By default, the git clone command automatically sets up your local master branch to track the remote master branch on the server you cloned from. Running git pull generally fetches data from the server you originally cloned from and automatically tries to merge it into the code you’re currently working on.

Pushing to Your Remotes

When you have your project at a point that you want to share, you have to push it upstream:
git push [remote-name] [remote-branch]
This command works only if you cloned from a server to which you have write access and if nobody has pushed in the meantime.

Inspecting a Remote

If you want to see more information about a particular remote, you can use the git remote show [remote-name] command.
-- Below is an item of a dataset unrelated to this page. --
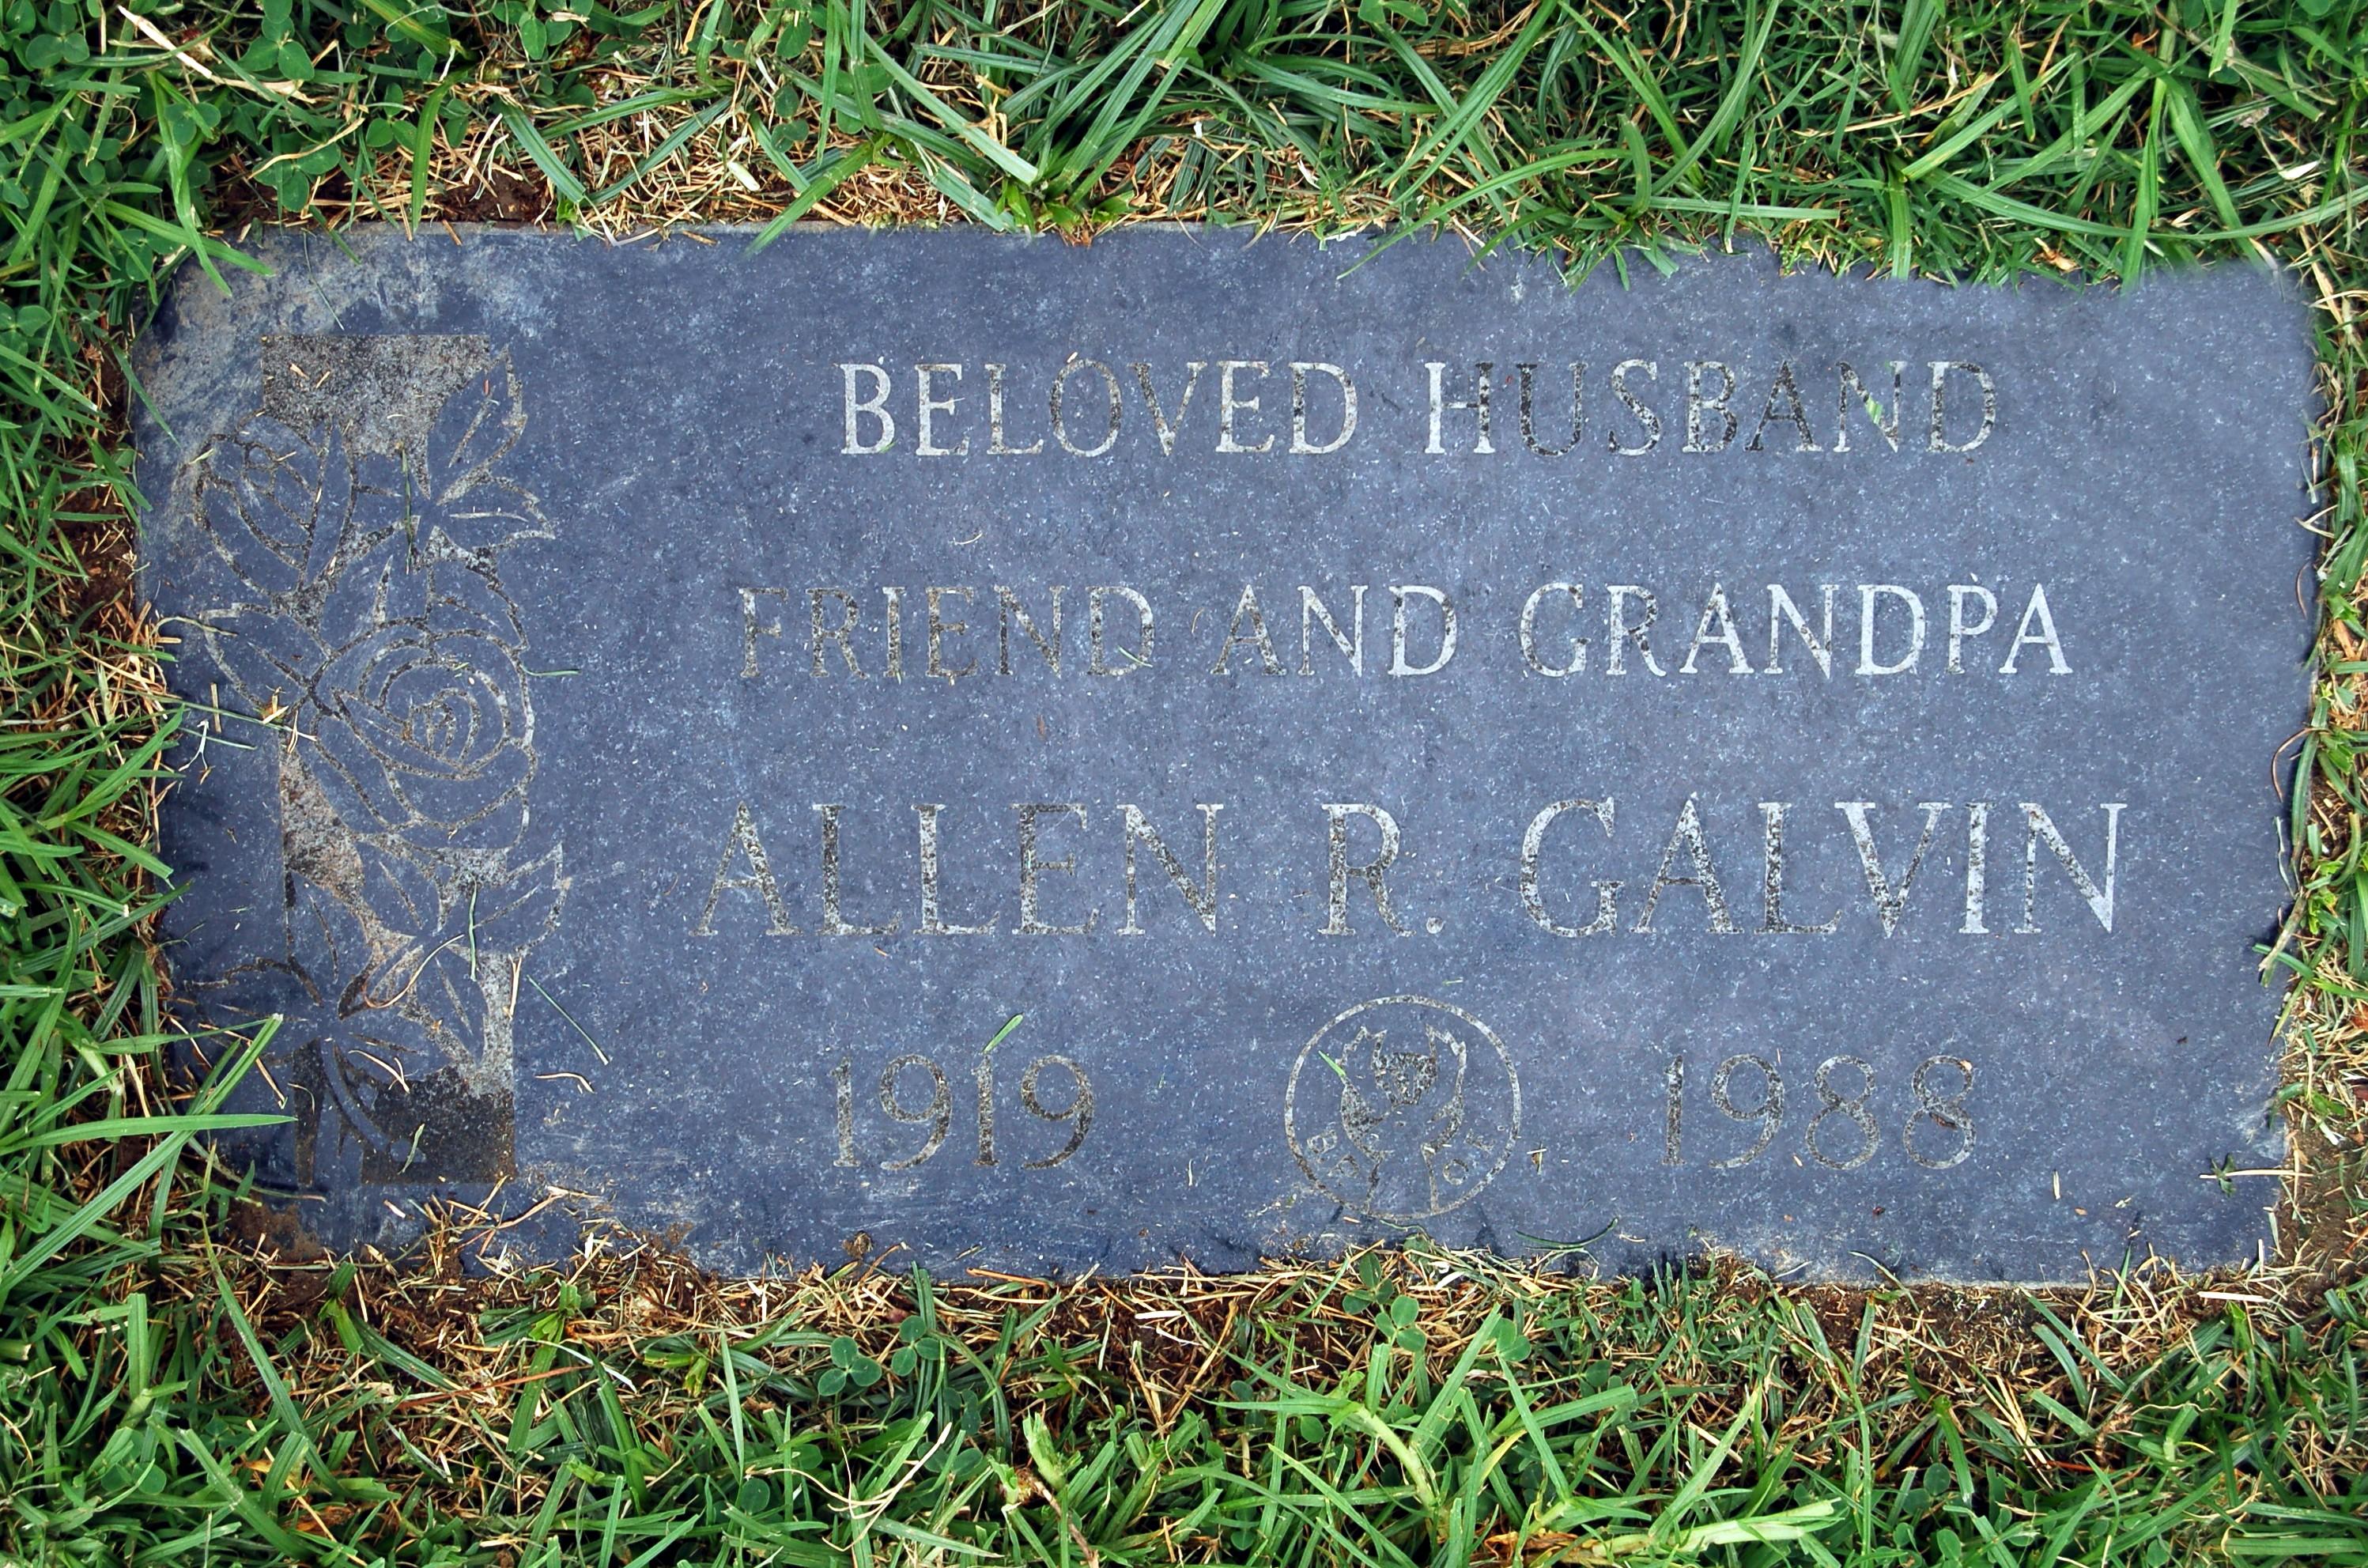 Allen Richard Galvin

Removing and Renaming Remotes

You can run git remote rename [old-name] [new-name] to change a remote’s shortname.
If you want to remove a reference, you can use git remote rm [remote-name].

Tagging

Git has the ability to tag specific points in history as being important.

Listing Your Tags

This git tag command lists the tags in alphabetical order.
You can also search for tags with a particular pattern.

Creating Tags

Git uses two main types of tags: lightweight and annotated. A lightweight tag is just a pointer to a specific commit. Annotated tags, however, are stored as full objects in the Git database.

Annotated Tags

git tag -a [tag-name] -m "tag messages"

Signed Tags

You can also sign your tags with GPG,
git tag -s [tag-name] -m "tag messages"


Verifying Tags

git tag -v [tag-name]

Lightweight Tags

git tag [tag-name]

Sharing Tags

By default, the git push command doesn’t transfer tags to remote servers. You have to explicitly
push tags to a shared server after you create them.
git push origin [tag-name]
To transfer to the remote server all of your tags that aren’t already there,
git push origin --tags

Tips and Tricks

Auto-Completion

Git comes with a nice auto-completion script in the Git source code, look in the contrib/completion directory; there should be a file called git-completion.bash. Copy this file to your home directory, and add this to your
.bashrc file:
source ~/.git-completion.bash
Press the Tab key when you’re writing a Git command, and it should return a set of suggestions for you to pick from.

Git Aliases

If you don’t want to type the entire text of each of the Git commands, you can easily set up an alias for each command using git config.